TASK STATEMENT
Restate, word for word, the run of lines that starts at the line containing "Раскраска Динозаврик с" and ends with the final line of the listing. Leave pictures out.

DATA SECTION
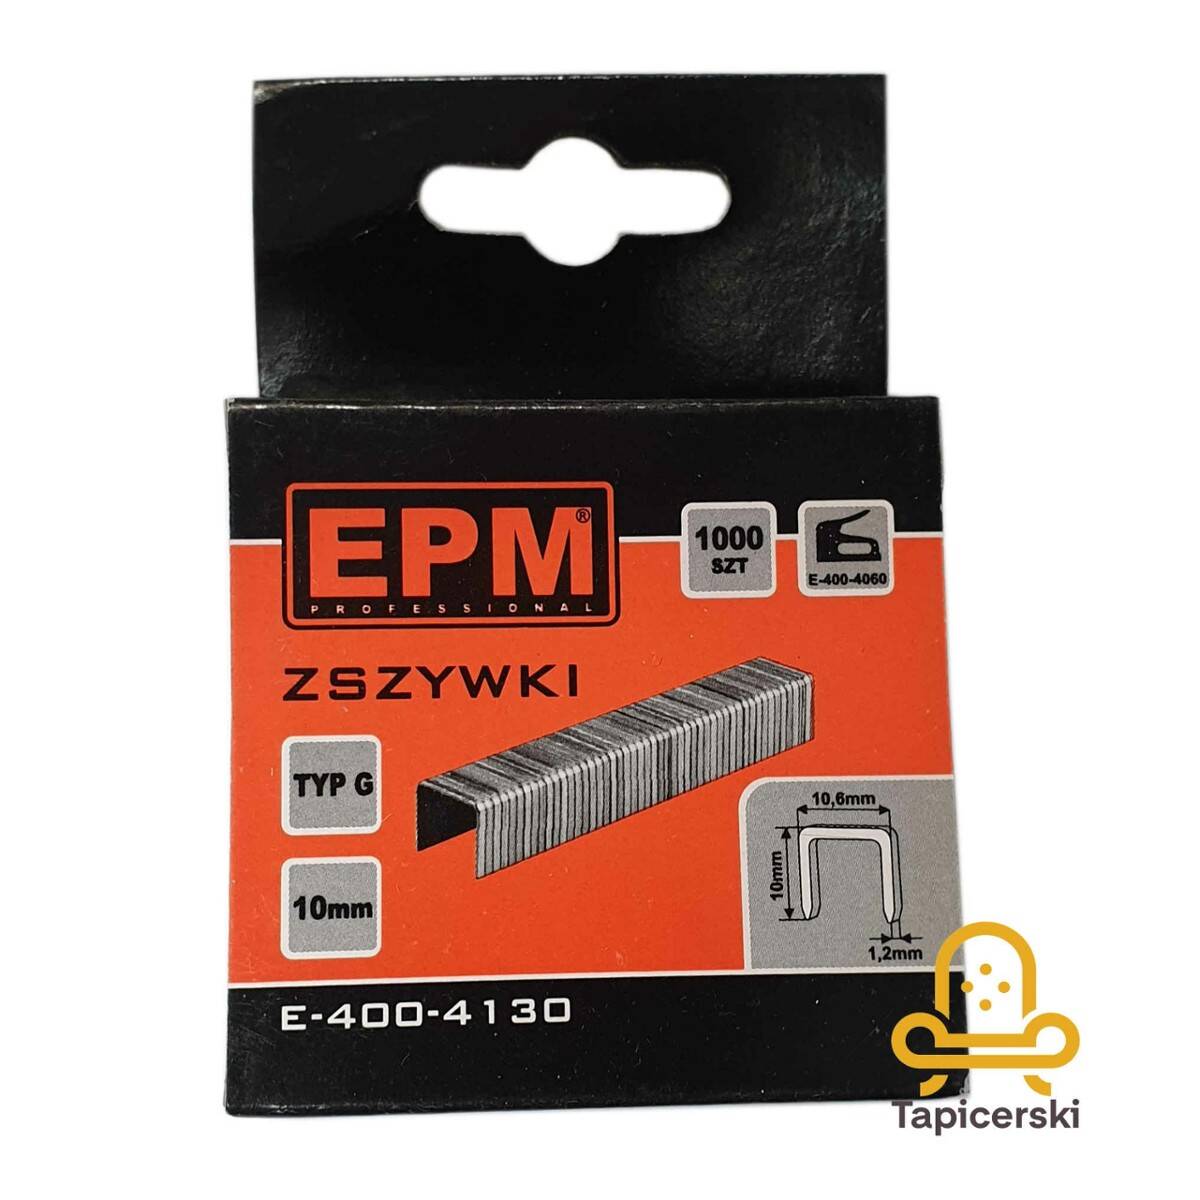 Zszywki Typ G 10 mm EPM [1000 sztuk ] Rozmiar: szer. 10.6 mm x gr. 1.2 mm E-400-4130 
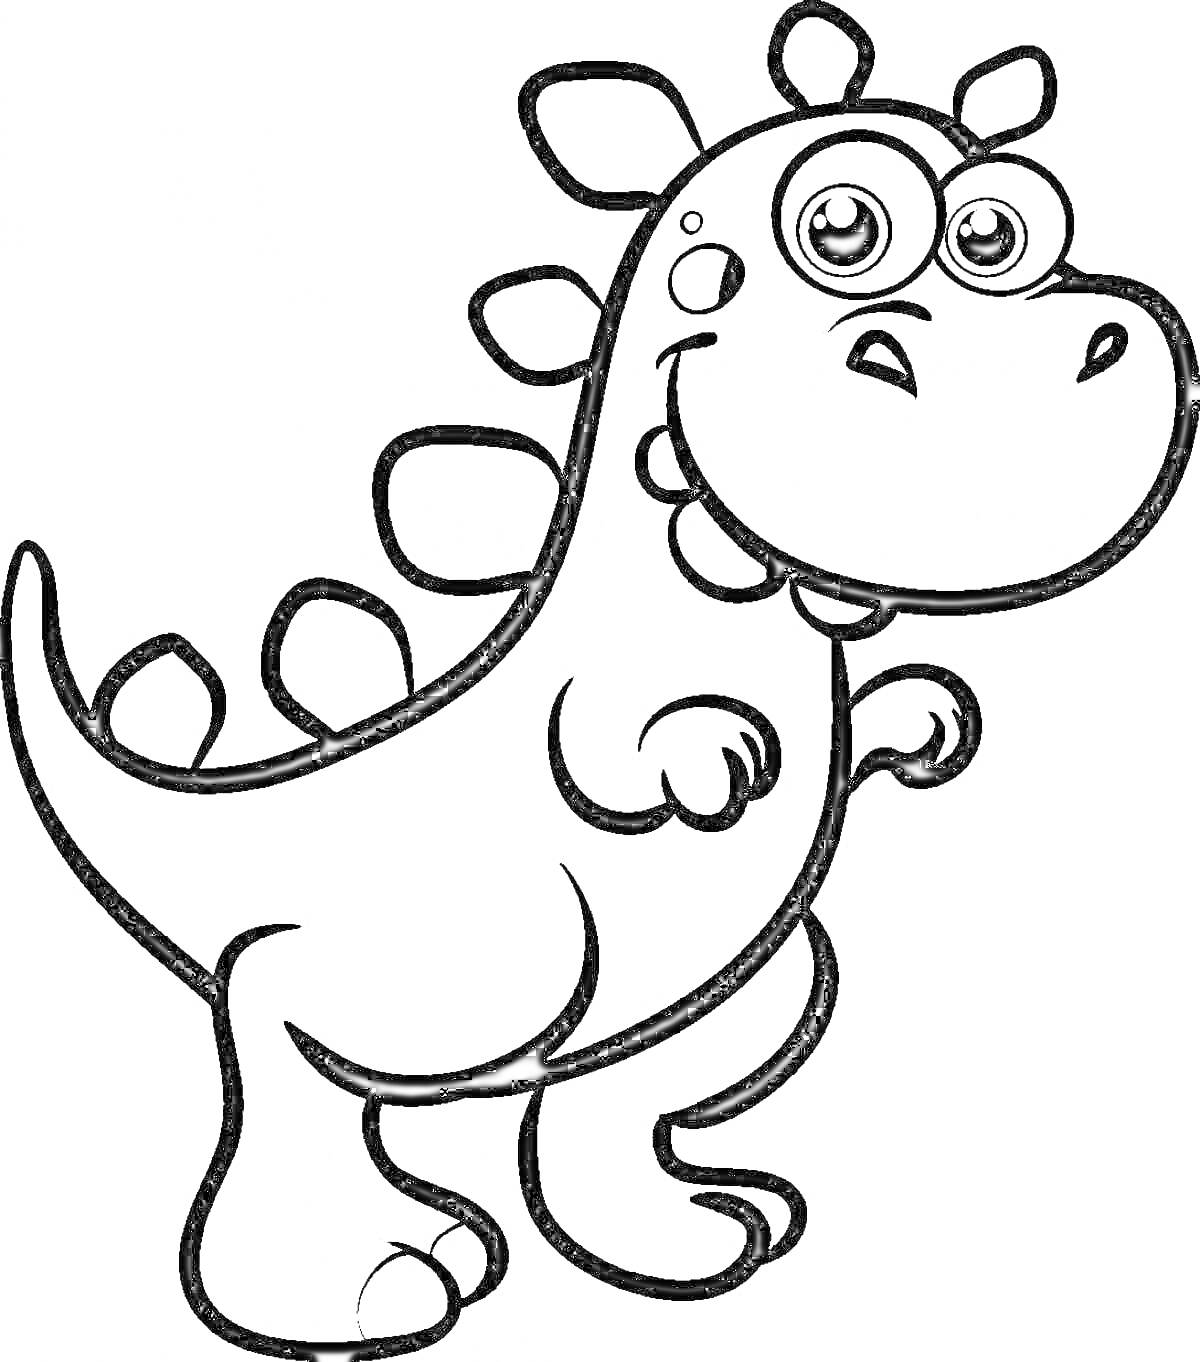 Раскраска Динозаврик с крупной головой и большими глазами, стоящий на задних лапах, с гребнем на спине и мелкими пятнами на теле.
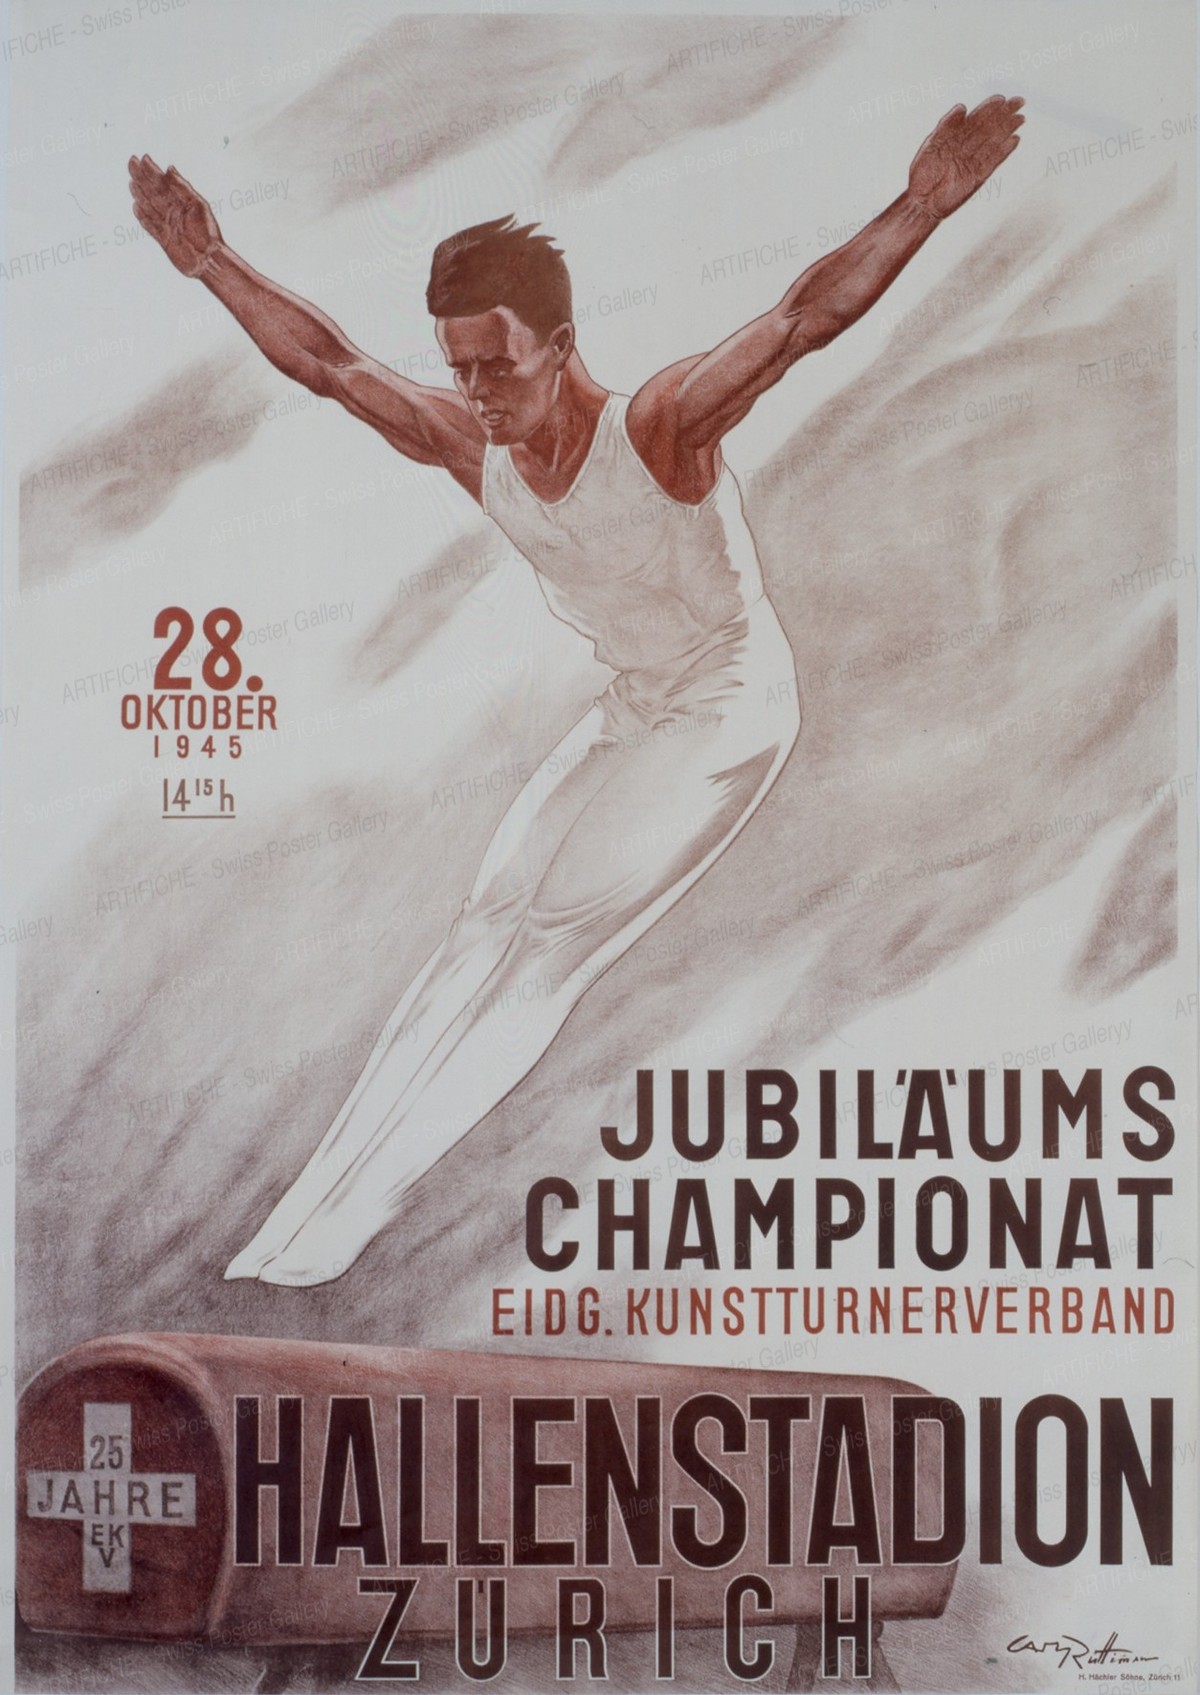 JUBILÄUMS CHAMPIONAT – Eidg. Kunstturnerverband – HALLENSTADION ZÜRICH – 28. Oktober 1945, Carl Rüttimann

ANSWER SECTION
 Раскраска Динозаврик с крупной головой и большими глазами, стоящий на задних лапах, с гребнем на спине и мелкими пятнами на теле.
 JUBILÄUMS CHAMPIONAT – Eidg. Kunstturnerverband – HALLENSTADION ZÜRICH – 28. Oktober 1945, Carl Rüttimann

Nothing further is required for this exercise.